The third saying addressed marketplace issues ("what does it profit them if they gain the whole world, but lose or forfeit themselves"). Here we note that the NRSV plural translation, adopted for the sake of inclusiveness, takes some of the edge off challenges Jesus addresses to each person. Jesus contends that there are dimensions of life vital to happiness which cannot be satisfied by possessions or wealth. [Emphasis added.]Taking the issues I have highlighted one at a time, where does Bishop Prendergast get the notion that Jesus has the marketplace in mind here? I suspect he gets it from one word and that word is "profit". But this is to read a modern usage back into the ancient world. For us, "profit" is a word that applies narrowly to marketplace goods. The world of Jesus saw all goods in the same terms. Good luck and semen were limited goods in the same sense that money and tradeable commodities were for them.

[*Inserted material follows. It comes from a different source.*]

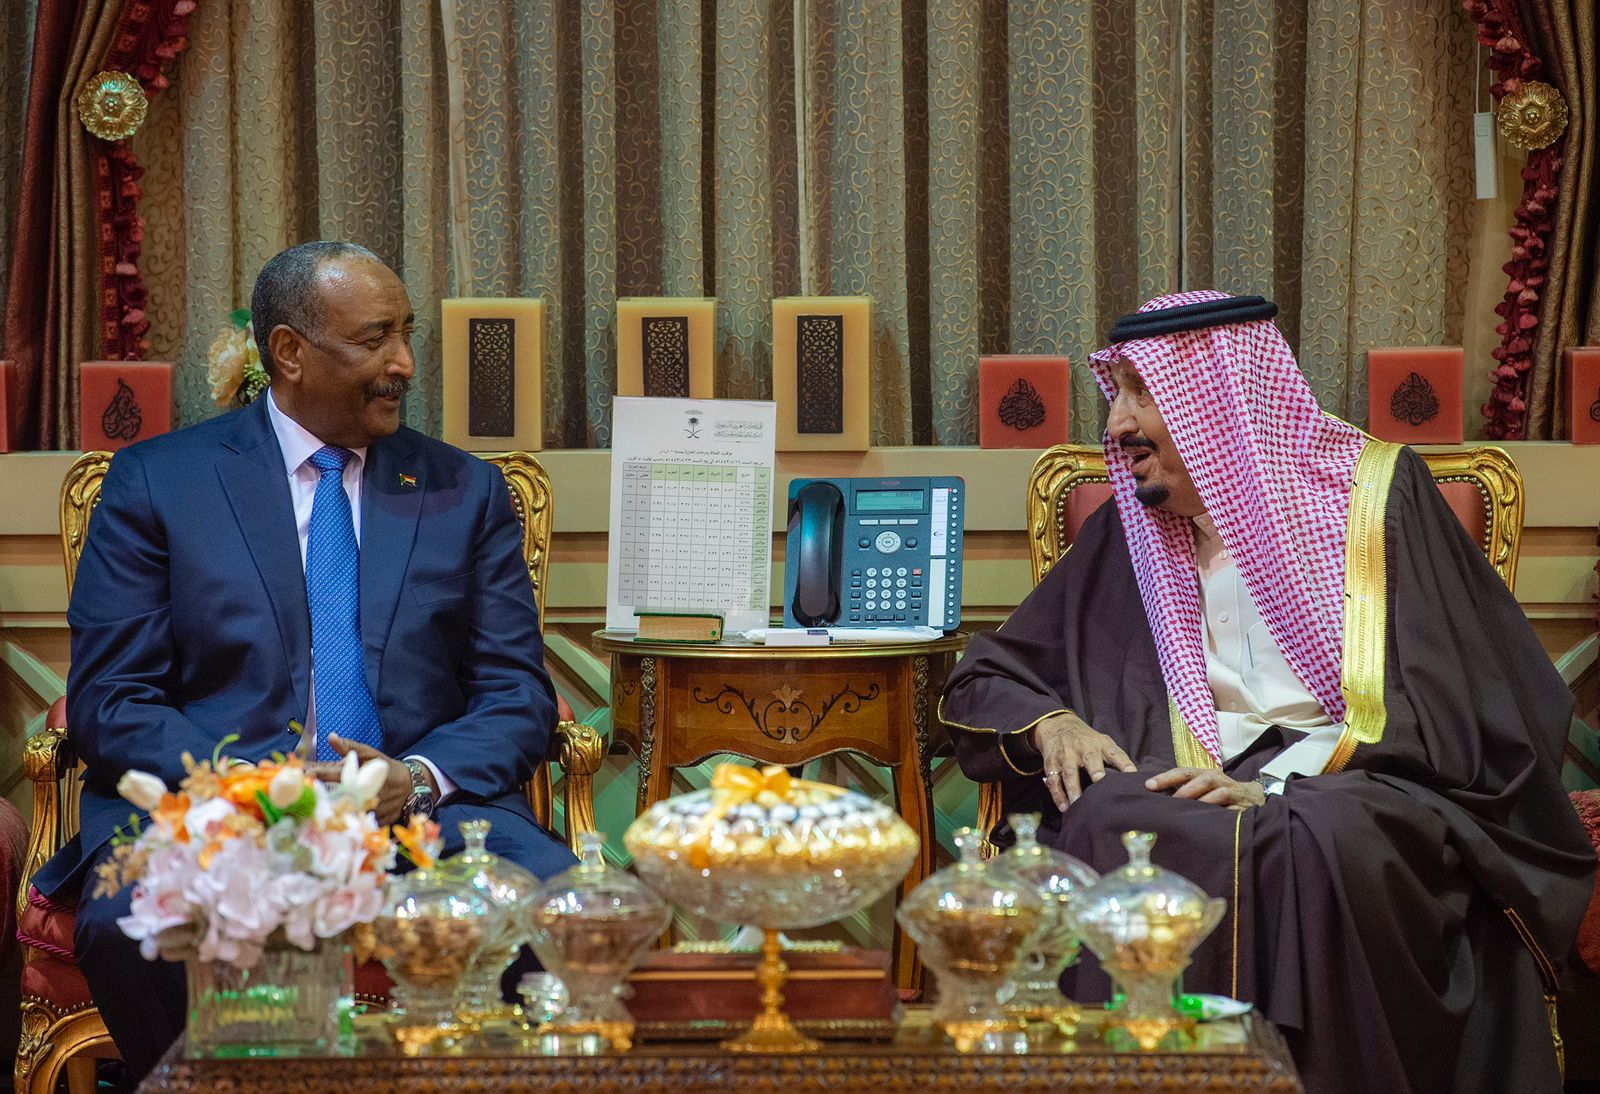 Saudi Arabia’s King Salman, crown prince receive Sudan’s sovereign council chief

In context, by saying "profit" Jesus simply means what do they gain.
More importantly, Jesus is not speaking of profit or gain in general here but of a very specific type of gain. He is saying, what good would it do you if you gained "the whole world" only to lose yourself. This is a question that applies more to the politically and socially ambitious than it does to someone making their living in the marketplace. (And, lest we forget, the reason most people go into the marketplace is love; they do it to make enough money to provide shelter, food and clothing for their families.)
Sadly, this focus on an economic issue leads my Bishop (who is an excellent Bishop) to wind up with a point that is trite and trivially obvious in the sentence emphasized in the quoted bit above. Jesus is making the far more profound point that our lives have to aimed at the right thing.